Jarvis Collegiate Institute is Toronto’s oldest school and was the first to receive public funding. The school now known as “Jarvis Collegiate” opened on June 1, 1807, as the “Home District Grammar School for York.” The first classes were held in the home of the Rev. George Okill Stuart, then-Rector of St James Church. In 1825 it was renamed the “Royal Grammar School” and in 1829 it was joined with the newly created “Upper Canada College” in the “Blue School” at Jarvis and Lombard Streets. This marriage lasted only a few years, until UCC moved to a nine acre parcel at King and Simcoe Streets.
By the early 1860s, the school was bursting at the seams with 150 students crammed into three rooms. Larger accommodations were a must. A new school was built in 1864, on Dalhousie Street, just north of Gould Street, close to where Ryerson University is today.
By 1870, this was again too small. With a building under construction, the school moved for a couple of years into the insane asylum at Queen’s Park, then vacant. In 1871 a new building was constructed at 361 Jarvis Street, just south of College Street, in front of the Allan Gardens greenhouse.

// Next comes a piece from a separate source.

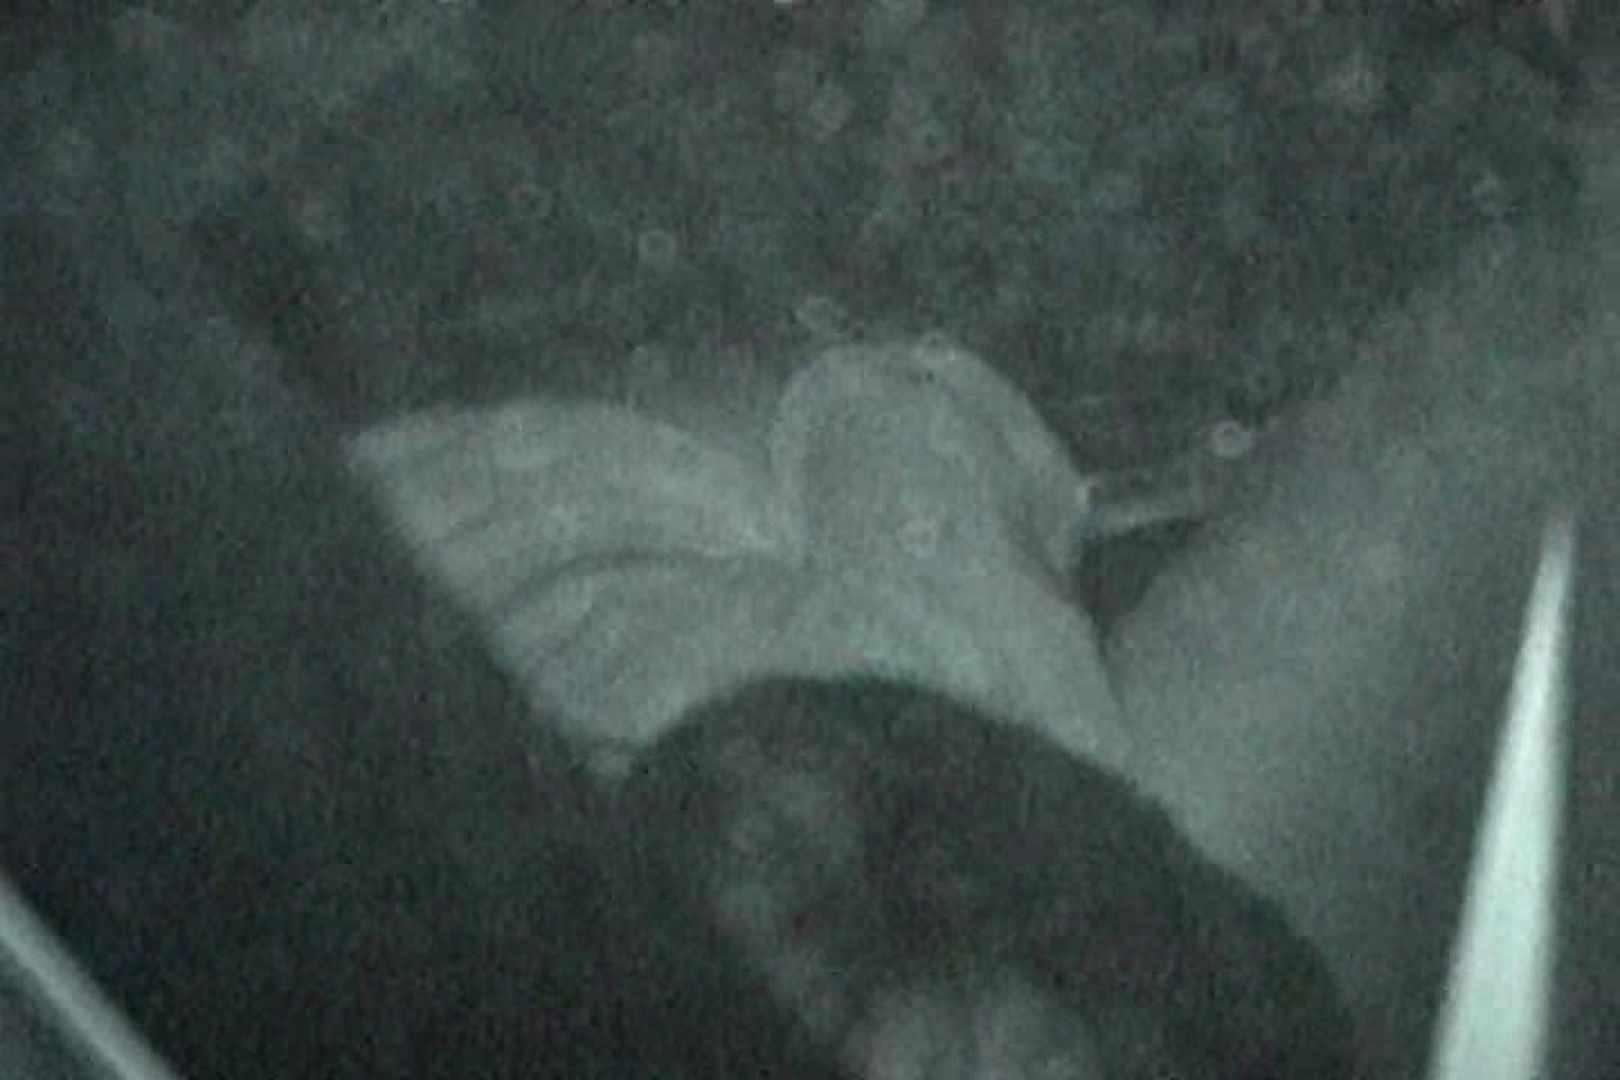 充血監督の深夜の運動会Vol.146 エロティックなOL すけべAV動画紹介 62画像 46

When it opened the school was still known as the “Toronto High School.” However, two years later, in 1873, the school was renamed “Toronto Collegiate Institute.” In 1890, Toronto got its second collegiate, “Parkdale C.I.”, so it was renamed “Jarvis Street Collegiate Institute.” This building was expanded several times until the present school at 495 Jarvis Street was built in 1924.